What I did: Between two versions I designed, chose the one with the simpler interaction model, reducing the number of actions required per research session.
Why: Observed that analysts weren't making frequent discrete calls to the tool. A lighter interaction model matched actual usage patterns better than a feature-rich one.
Result: Lower cognitive load during high-pressure prep without sacrificing output quality.

Decision 4 — Multi-Model Support

What I did: Designed the tool to support multiple AI models, allowing analysts to switch models and regenerate results within the same research session.
Why: Different analysts trusted different models. Locking to one model would have created adoption resistance and excluded valid working preferences.
Result: Broader team adoption and flexibility to evaluate outputs across models, with comparison capability on the roadmap.

Decision 5 — Research Intent Before Output

What I did: Designed a research intent layer where analysts select and define their intent before the AI generates anything. Prompts are stored, editable, and reusable across sessions.
Why: Without a defined intent, AI outputs were generic.
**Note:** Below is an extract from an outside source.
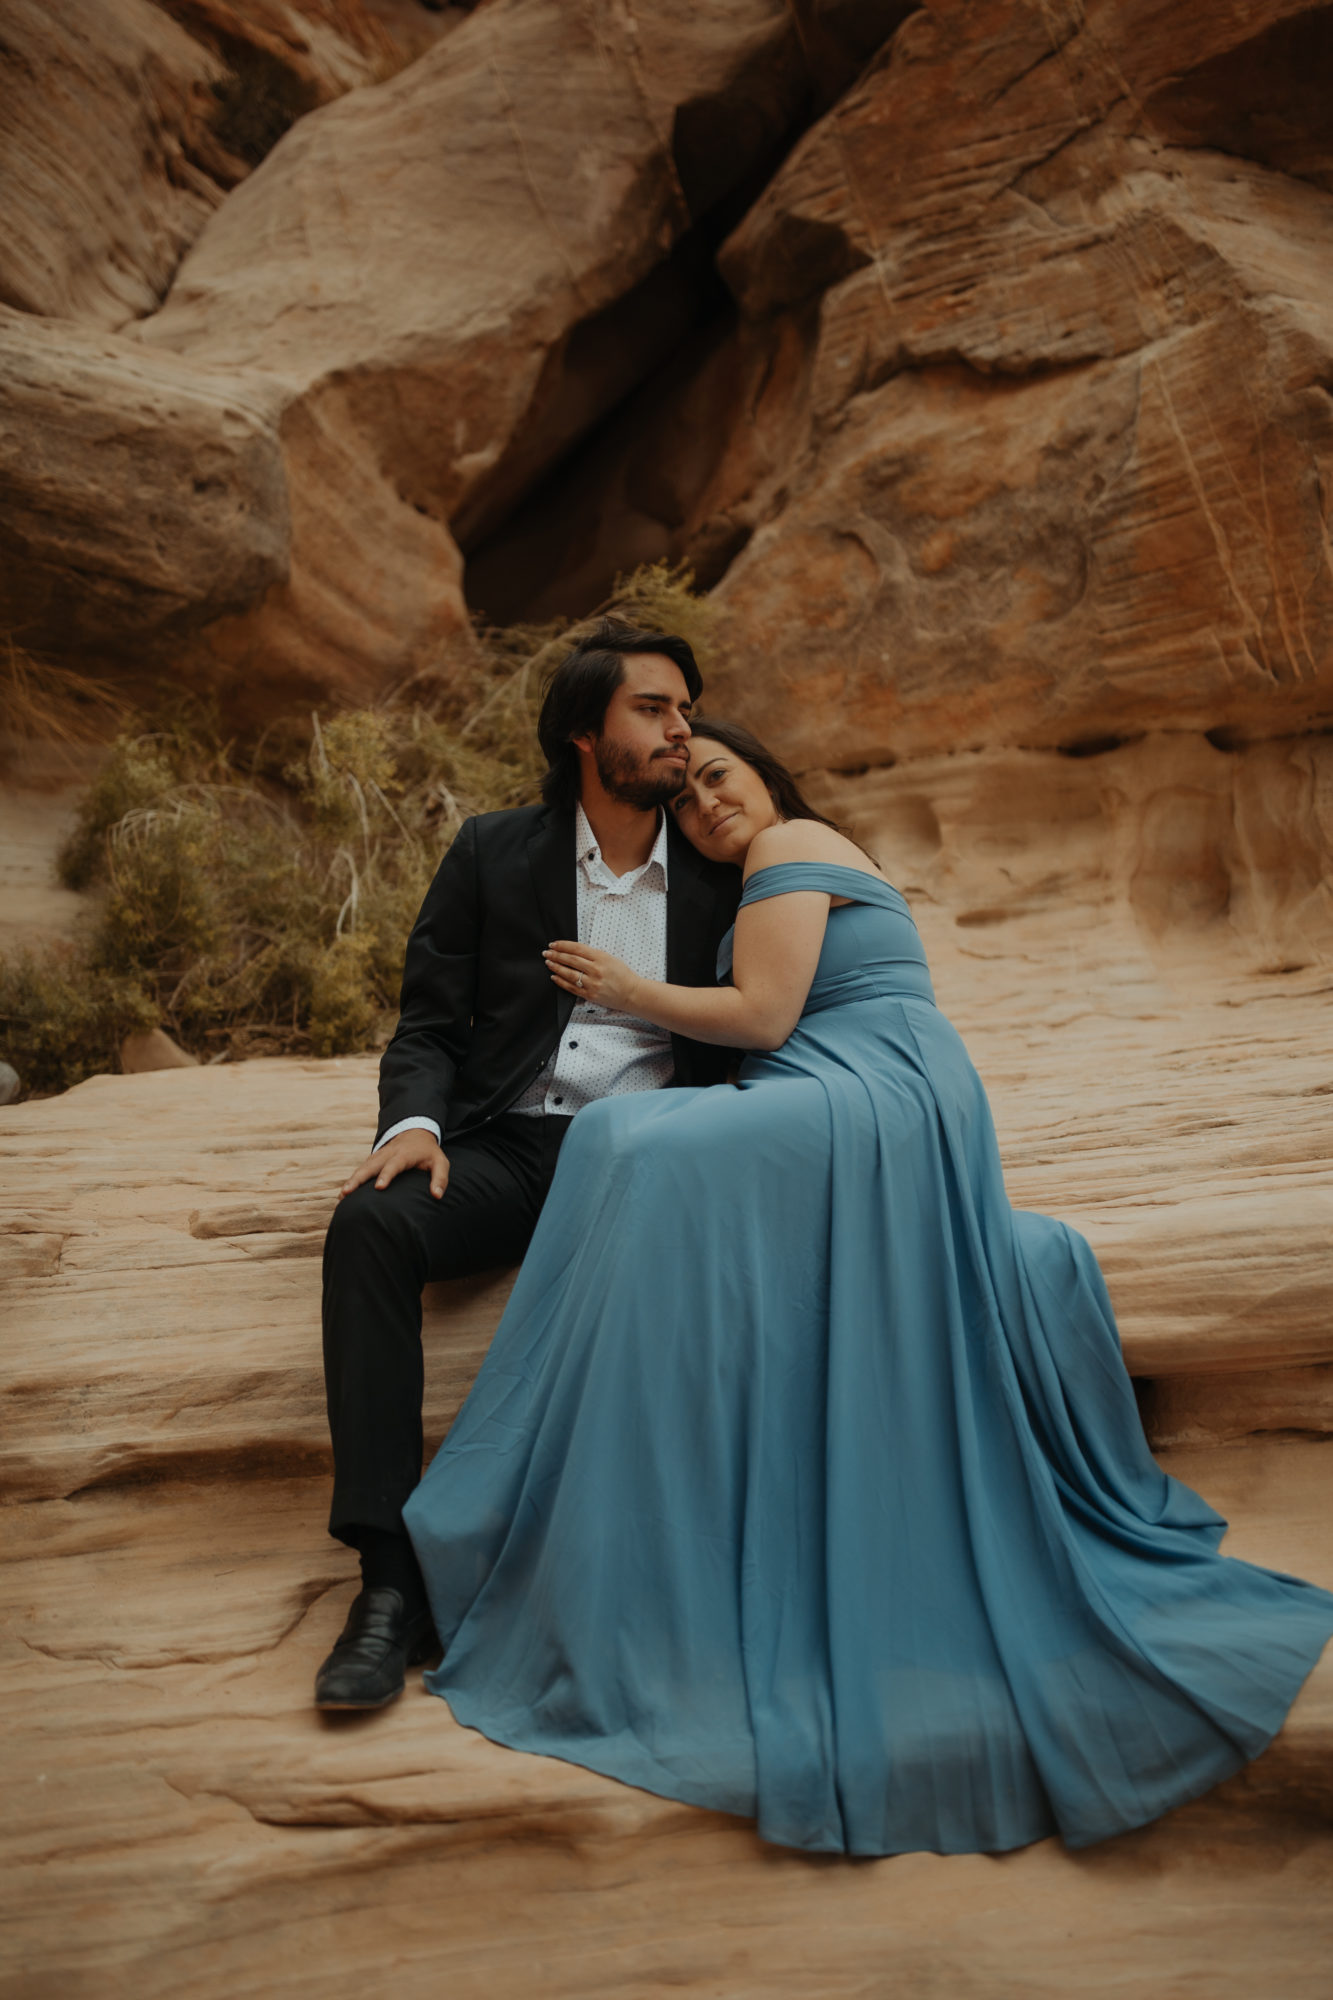 Couple in Formal Attire sitting on a tan large rock

Giving analysts control over the prompt layer made outputs more precise and reduced post-generation editing significantly.
Result: Analysts fine-tuned prompts over time, creating a personalized research workflow that improved with use.

The Solution

An AI-powered analyst copilot that transforms transcripts into structured insight, enabling faster, smarter, and more confident investment decisions.

A modular web tool where hedge fund analysts can upload earnings calls, instantly extract KPIs, surface key quotes, and generate custom follow-up questions — all with traceable sources and editable outputs. The system fits directly into existing workflows, reducing prep time from hours to minutes and standardizing analysis across teams.
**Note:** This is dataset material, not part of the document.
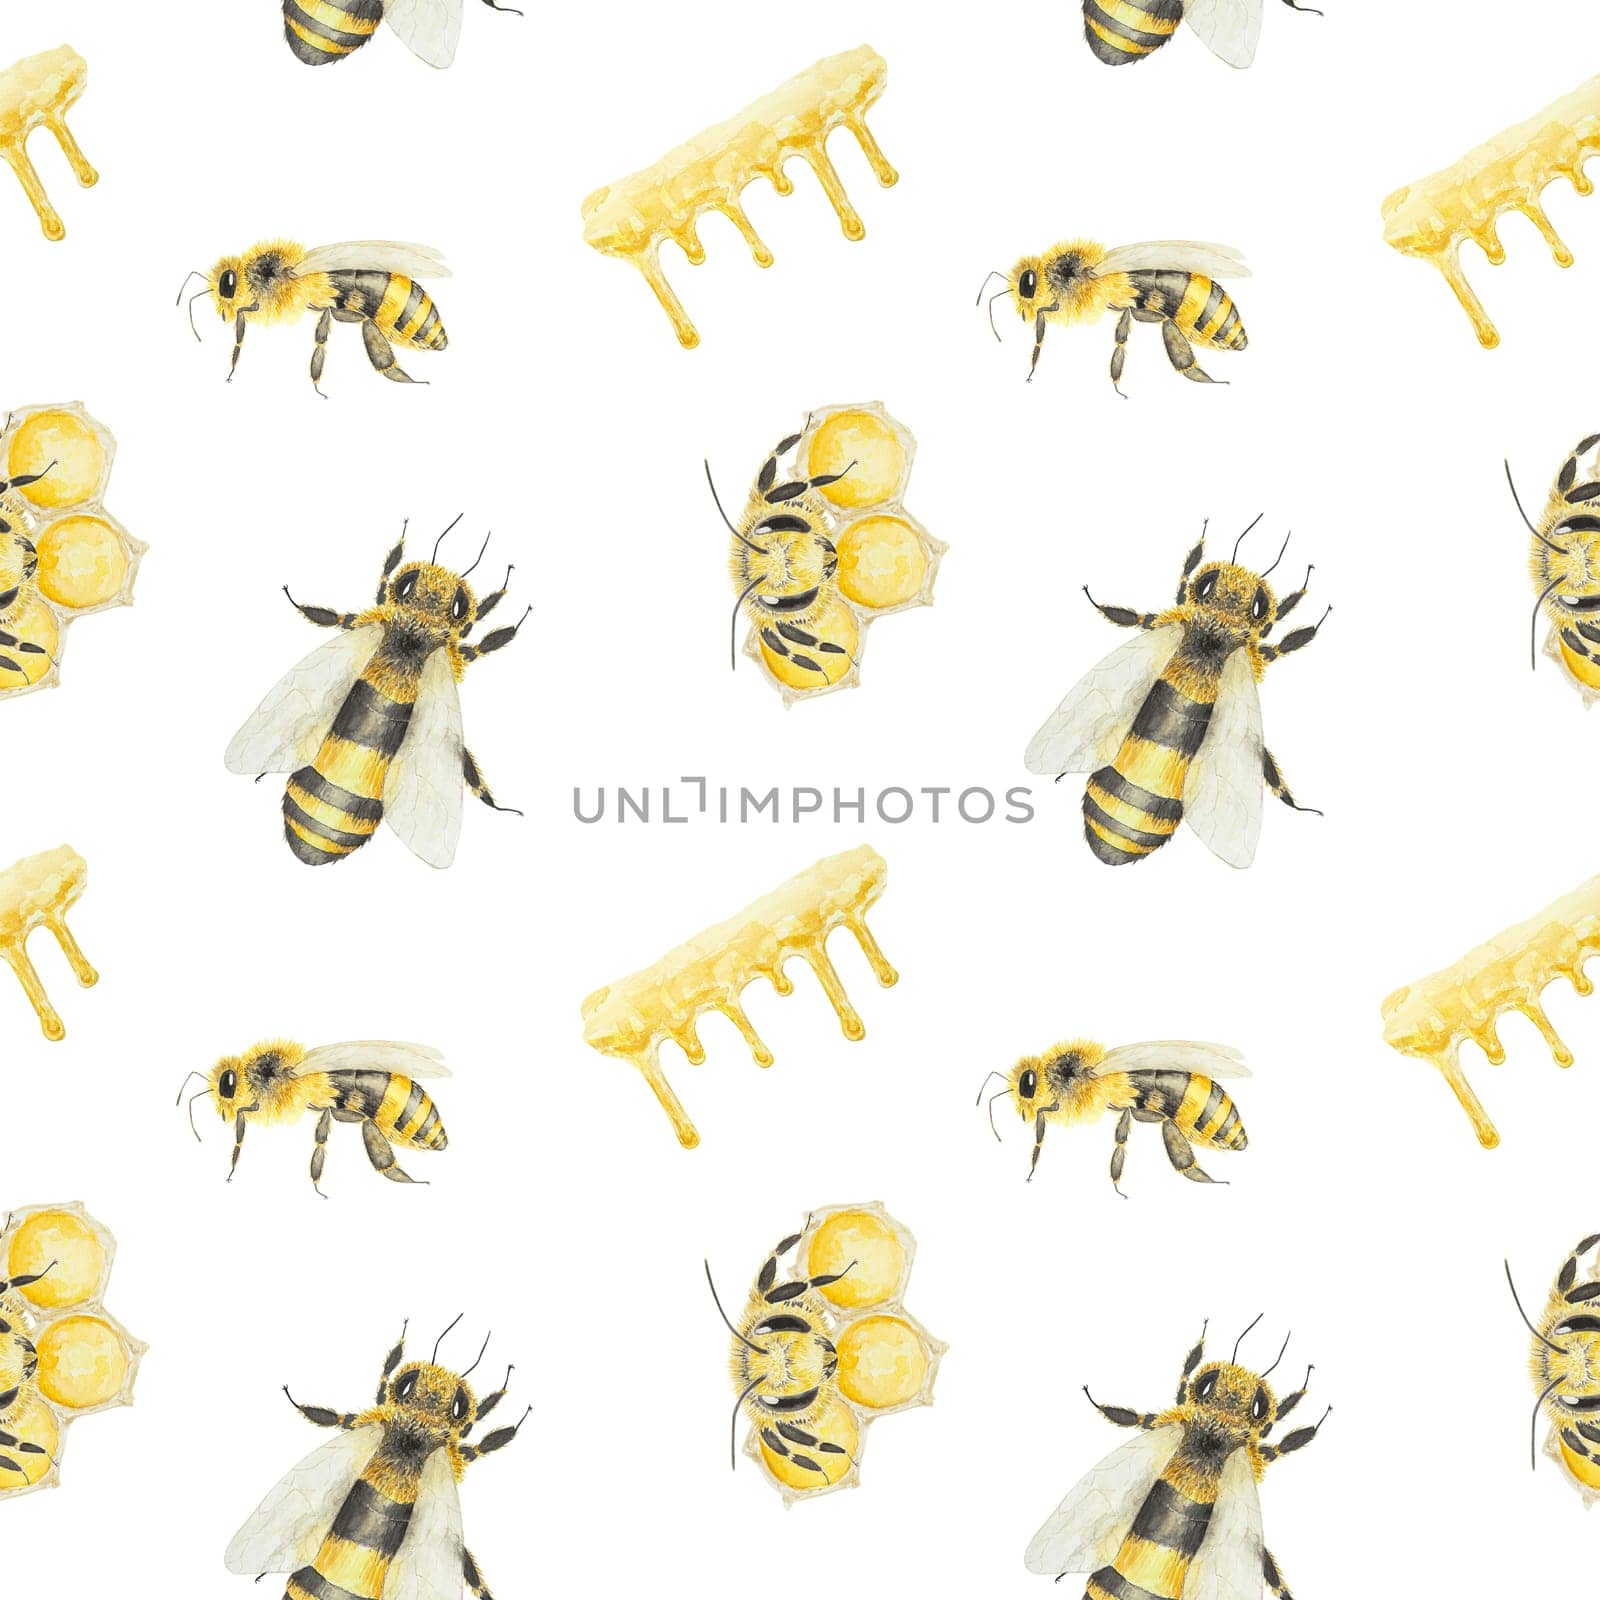 Watercolor pattern of honey and bees. Hand drawn and isolated on white background. Great for printing on fabric, postcards, invitations, menus, cosmetics, cooking books and others.

Smart Question Generation That Mirrors Analyst Thinking

AI-generated follow-up questions based on KPI movement, soft guidance, or missing context. Each question is editable and backed by the exact quote or metric that triggered it.

Win: Analysts adopted 80% of AI-generated questions into live meetings — cutting prep time while maintaining precision.

Verified Summaries Built for Speed and Trust

The tool produces concise summaries of earnings and corporate access calls, segmented by topic and supported with direct citations. Every insight links back to a quote or metric — so nothing is taken at face value.

Win: Analysts skipped 60+ page transcripts and trusted the assistant as a starting point for post-call debriefs.

KPI Modeling With Color-Coded Precision

Extracted financials auto-populate a table that shows quarter-over-quarter changes with visual highlights. Analysts can edit values and trace them back to original statements instantly.

Win: Updating models took minutes instead of hours — with full control, context, and exportability.

Impact

Through this AI copilot, hedge fund analysts were able to accelerate their research workflow, increase confidence in their prep, and reduce the time spent parsing dense earnings and corporate access calls without sacrificing precision or control.

85%

Reduced call prep time by 85% by automating transcript parsing, KPI extraction, and question generation.

Improved research velocity across analyst teams with 4× faster turnaround on KPI modeling and follow-up notes.

80%

80% of AI-generated questions were adopted directly into live meetings — enhancing insight quality and team alignment.